Each month the Bar Bulletin includes a feature titled “Business of the Board” where we report on the actions of the KCBA Board of Trustees. While those columns dutifully document the various topics discussed, resolutions adopted and information presented, those monthly reports don’t provide much context or insight into the “vibe” of the room. Please allow me to serve as your guide, gentle reader, and give you a longer glimpse behind the curtain by revealing some behind-the-scenes details on how the Board operates.
First, basic logistics. The Board is made up of 17 trustees, most elected to staggered three-year terms, meaning about one-third of the members are new each year. They are principally recruited by a Leadership Development & Nominations Committee, and recommended to the membership for their positions after prior service to the King County Bar Association as a committee or section leader, a foundation board member or a leader in a sister bar association.

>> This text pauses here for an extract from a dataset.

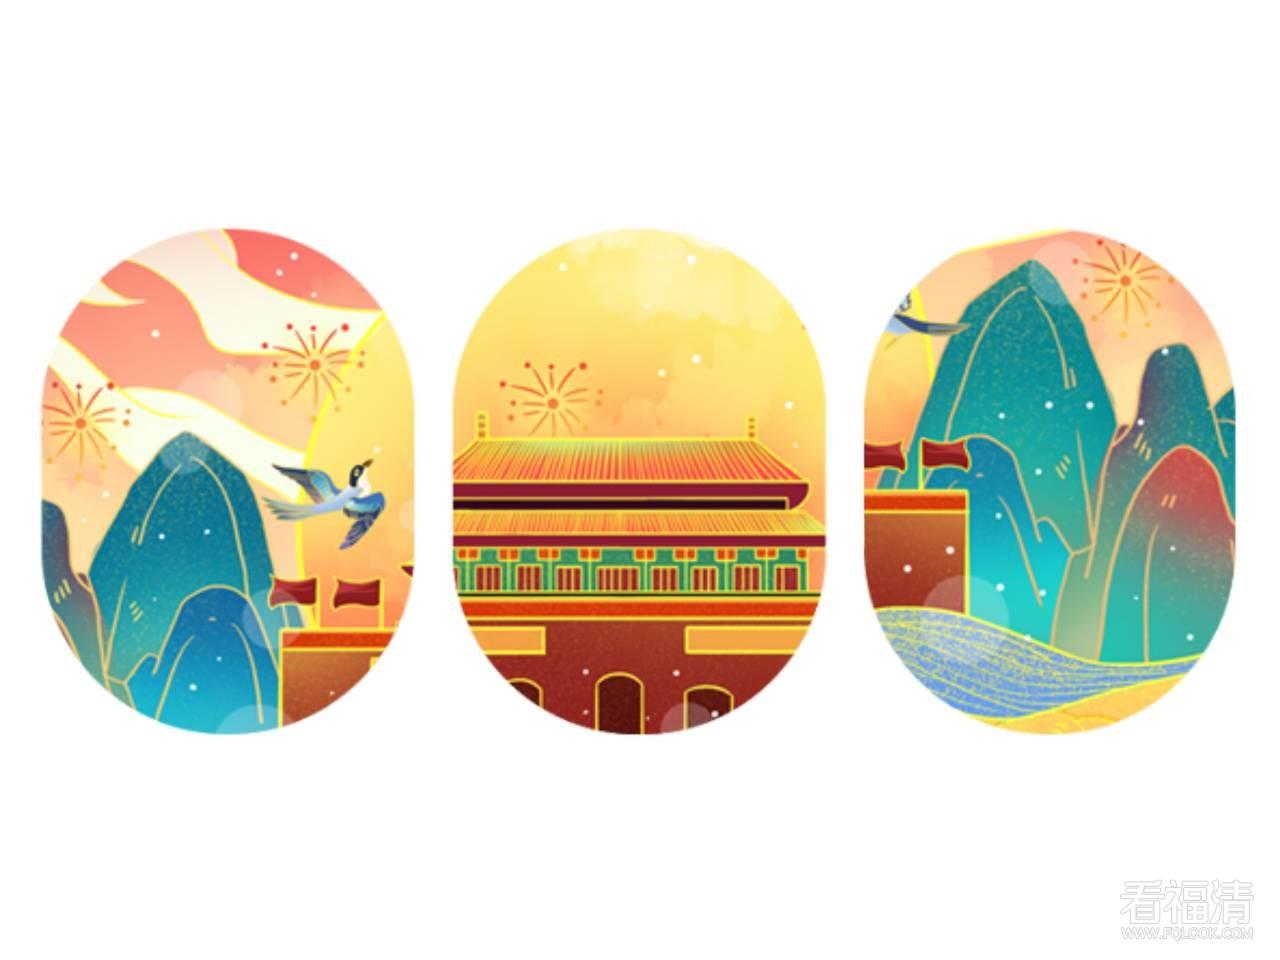 10月1号开始,在yaboapp18清昌万达的金街口处,举办的一

Meeting monthly over the noon hour at the bar office, the trustees have routine business to conduct (e.g., reviewing reports on bar finances and programs), but spend the bulk of their 75-minute meeting diving deep into one or two topics that either they have chosen to engage in or they have been asked to consider.
These topics are vetted by an executive committee of the Board, consisting of the officers (president, first vice president, second vice president, treasurer and secretary). At the start of each month, I share with them an update on the status of various projects and activities under way by KCBA entities or outside groups that I anticipate will need board action. The officers discuss what information the Board will need to have a productive conversation and reach a decision.
Note that the officers rarely are recommending specific actions to the Board, but rather are working to queue up the board meeting so that the Board can most productively use the time available to it. That may mean that an issue someone asks the Board to consider is first referred to a committee or ad hoc working group before the Board reviews it. And sometimes with more issues for consideration than available time, we have some topics that are not time sensitive that are queued up for future meetings.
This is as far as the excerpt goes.